Gain Confidence, Reduce Disappointment: A New Approach to Cross-Validation for Sparse Regression

Ridge regularized sparse regression involves selecting a subset of features that explains the relationship between a design matrix and an output vector in an interpretable manner. To select the sparsity and robustness of linear regressors, techniques like leave-one-out cross-validation are commonly used for hyperparameter tuning. However, cross-validation typically increases the cost of sparse regression by several orders of magnitude. Additionally, validation metrics are noisy estimators of the test-set error, with different hyperparameter combinations giving models with different amounts of noise. Therefore, optimizing over these metrics is vulnerable to out-of-sample disappointment, especially in underdetermined settings. To address this, we make two contributions. First, we leverage the generalization theory literature to propose confidence-adjusted variants of leave-one-out that display less propensity to out-of-sample disappointment. Second, we leverage ideas from the mixed-integer literature to obtain computationally tractable relaxations of confidence-adjusted leave-one-out, thereby minimizing it without solving as many MIOs. Our relaxations give rise to an efficient coordinate descent scheme which allows us to obtain significantly lower leave-one-out errors than via other methods in the literature. We validate our theory by demonstrating we obtain significantly sparser and comparably accurate solutions than via popular methods like GLMNet and suffer from less out-of-sample disappointment. On synthetic datasets, our confidence adjustment procedure generates significantly fewer false discoveries, and improves out-of-sample performance by 2-5% compared to cross-validating without confidence adjustment. Across a suite of 13 real datasets, a calibrated version of our procedure improves the test set error by an average of 4% compared to cross-validating without confidence adjustment.

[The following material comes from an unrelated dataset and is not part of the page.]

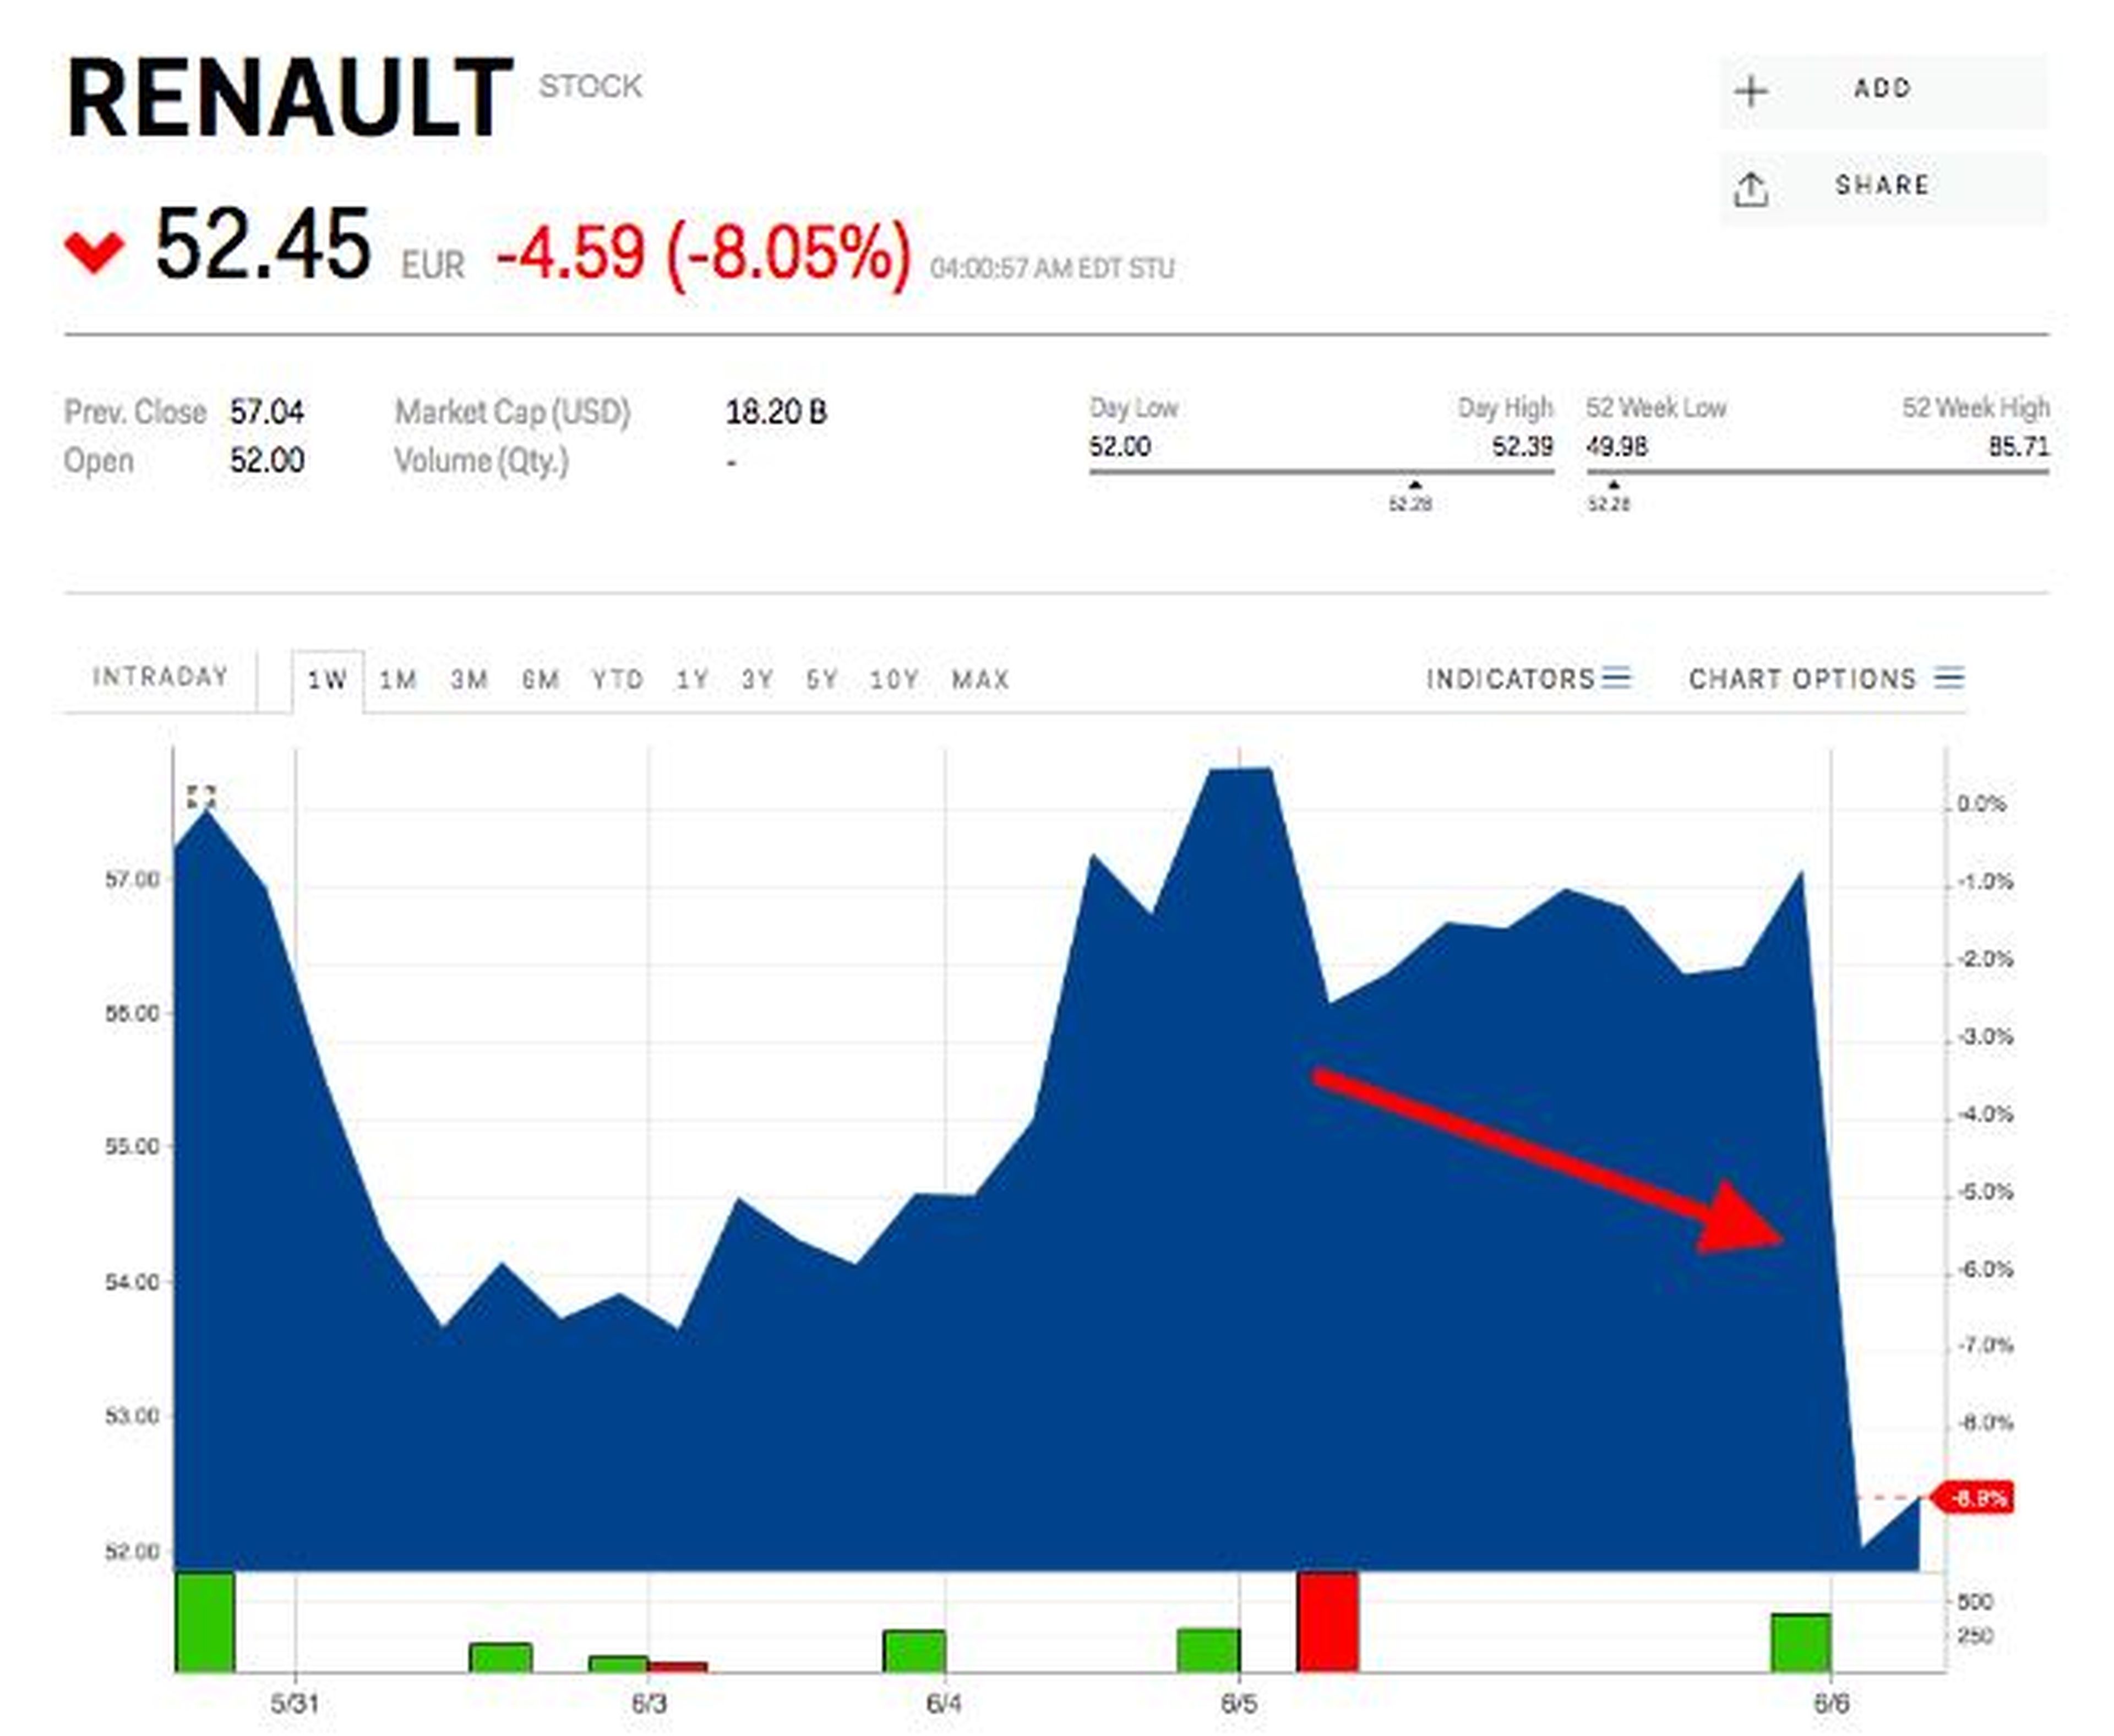 Renault shares are tanking after Fiat Chrysler scrapped their mega-merger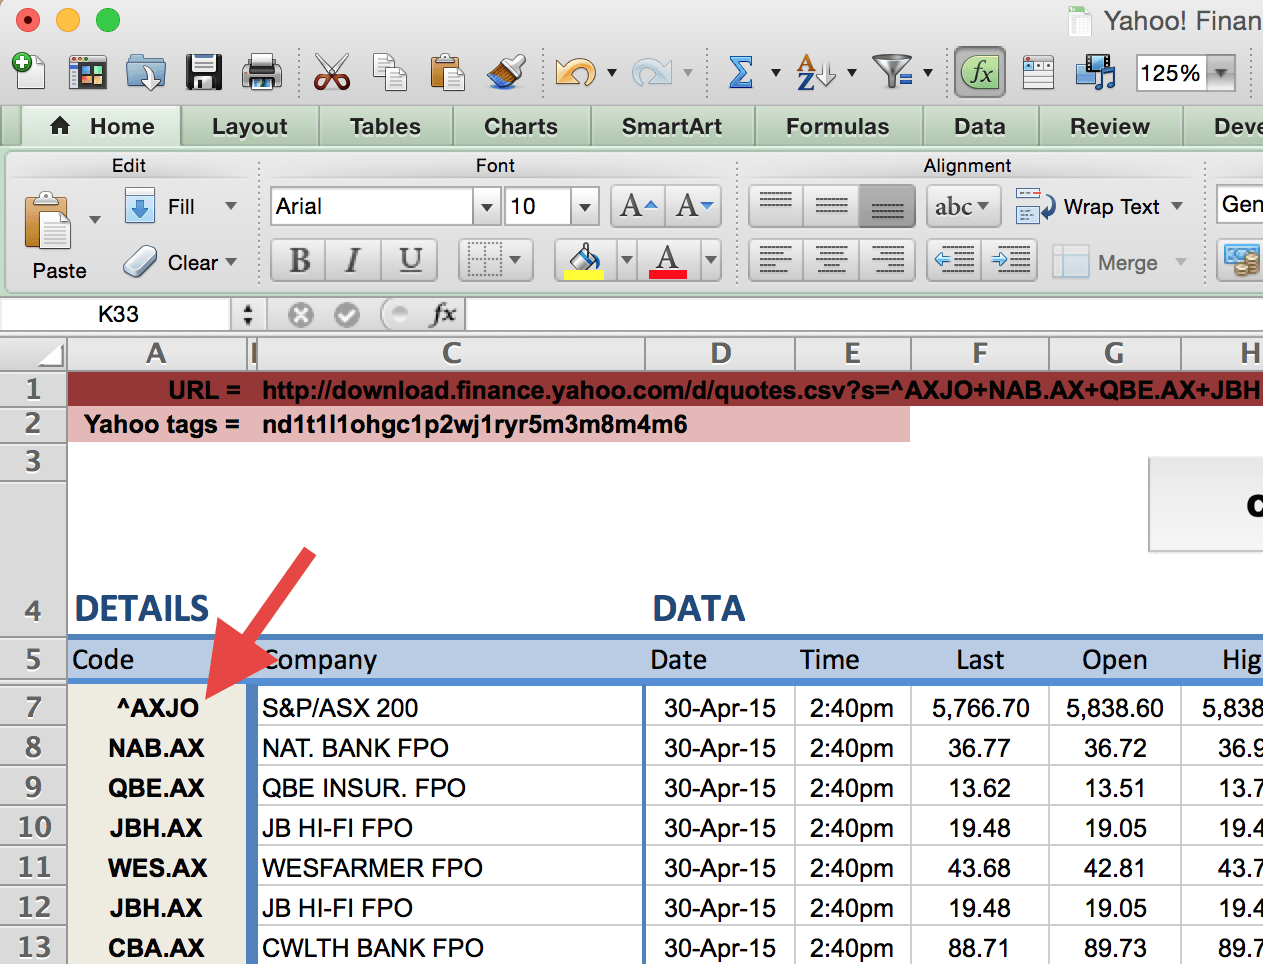 how to download yahoo finance data into excel on mac

翻译：岭正则化稀疏回归涉及选择解释设计矩阵与输出向量之间关系的可解释特征子集。为了选择线性回归器的稀疏性和鲁棒性，通常采用留一法交叉验证等技术进行超参数调优。然而，交叉验证通常会使稀疏回归的计算成本增加几个数量级。此外，验证指标是对测试集误差的有噪声估计，不同的超参数组合会赋予模型不同程度的噪声。因此，基于这些指标进行优化容易导致样本外失望，尤其是在欠定场景中。为解决这一问题，我们做出了两项贡献。首先，我们利用泛化理论文献，提出了置信度调整版的留一法，其表现出更低的样本外失望倾向。其次，我们借鉴混合整数文献中的思想，获得了置信度调整留一法的计算可处理松弛形式，从而在不求解大量MIOs的情况下最小化该指标。我们的松弛方法产生了一种高效的坐标下降方案，使我们能够获得比文献中其他方法显著更低的留一法误差。我们通过实验验证了理论：与GLMNet等流行方法相比，我们获得了显著更稀疏且精度相当的解，且样本外失望更少。在合成数据集上，我们的置信度调整程序生成的错误发现显著减少，与未使用置信度调整的交叉验证相比，将样本外性能提升了2-5%。在13个真实数据集的套件中，我们程序的校准版本与未使用置信度调整的交叉验证相比，平均将测试集误差降低了4%。